Combien de temps dura cette épreuve ? Je l’ignore. Il y a là une lacune dans mon esprit. Tout ce dont je me souviens, c’est que j’eus l’impression d’avoir vécu des siècles, quand je vis, presque au-dessus de moi, un voilier sortir de la brume.

Il filait sous le vent, à bonne allure, ses voiles gonflées, et fendait l’eau de sa proue, qui ouvrait un large sillon d’écume.

J’étais juste sur sa route. Je voulus crier, mais je n’en eus pas la force. L’étrave m’effleura et, pris dans un formidable remous, je sentis une grosse vague me passer par-dessus la tête.

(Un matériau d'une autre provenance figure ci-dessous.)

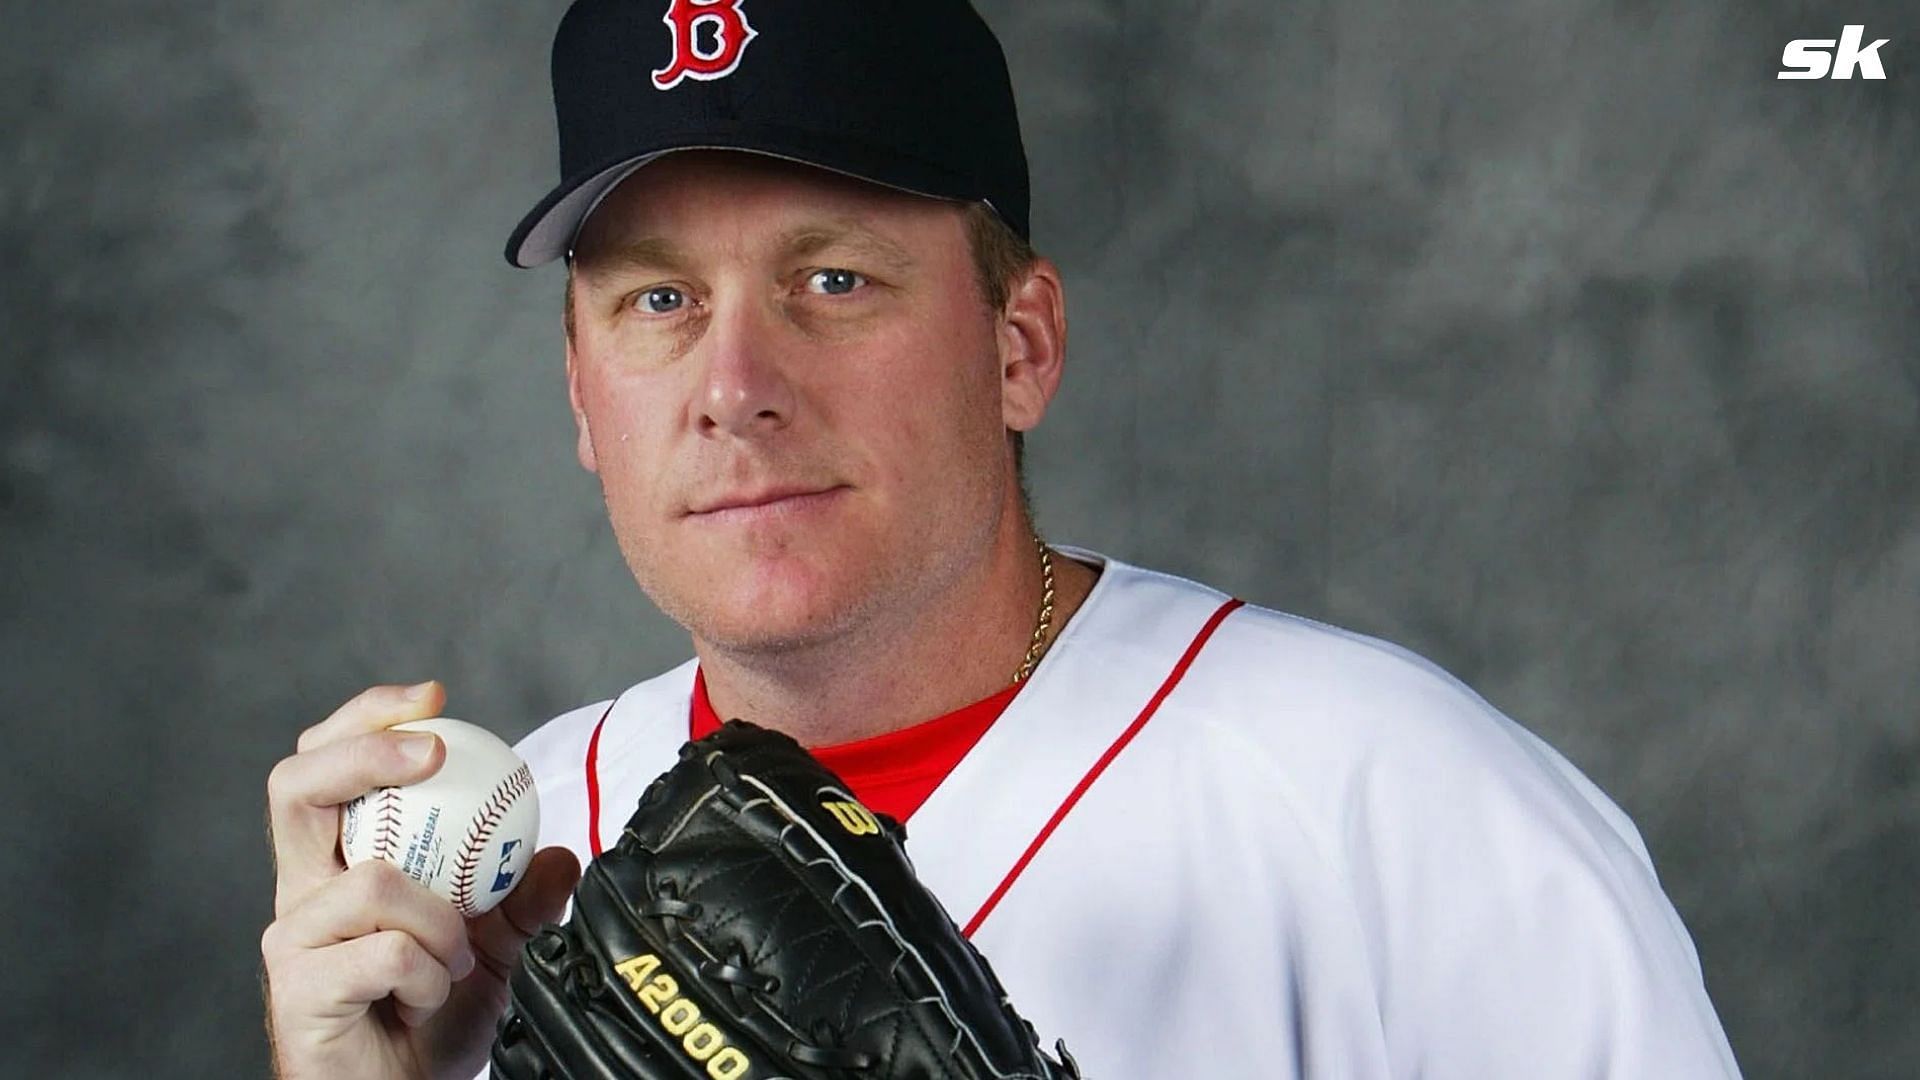 Red Sox Photo Day FT. MYERS, FL - FEBRUARY 28: Curt Schilling #38 of the Boston Red Sox poses for a portrait during Photo Day at their spring training facility on February 28, 2004 in Ft. Myers, Florida. (Photo by Jed Jacobsohn/Getty Images)

Puis le flanc noir du bateau glissa si près de moi, que j’aurais pu le toucher de la main. Désespérément, je tentai de m’y accrocher, d’enfoncer mes ongles dans le bois. Mes bras refusèrent de m’obéir. De nouveau, j’essayai d’appeler. Mon gosier n’émit aucun son.

La poupe, à son tour, se présenta à moi, tombant à pic dans un creux des vagues. J’aperçus un homme qui était à la barre et, près de lui, un autre individu qui semblait avoir pour unique occupation de fumer un cigare.

Je distinguai la fumée qui s’échappait de ses lèvres ; d’un geste machinal, il tourna la tête dans ma direction, et promena son regard sur l’eau. Cet acte, chez lui, n’était pas prémédité. Il était dû à un simple hasard. L’homme était oisif et il cherchait inconsciemment à s’occuper l’esprit en contemplant la mer.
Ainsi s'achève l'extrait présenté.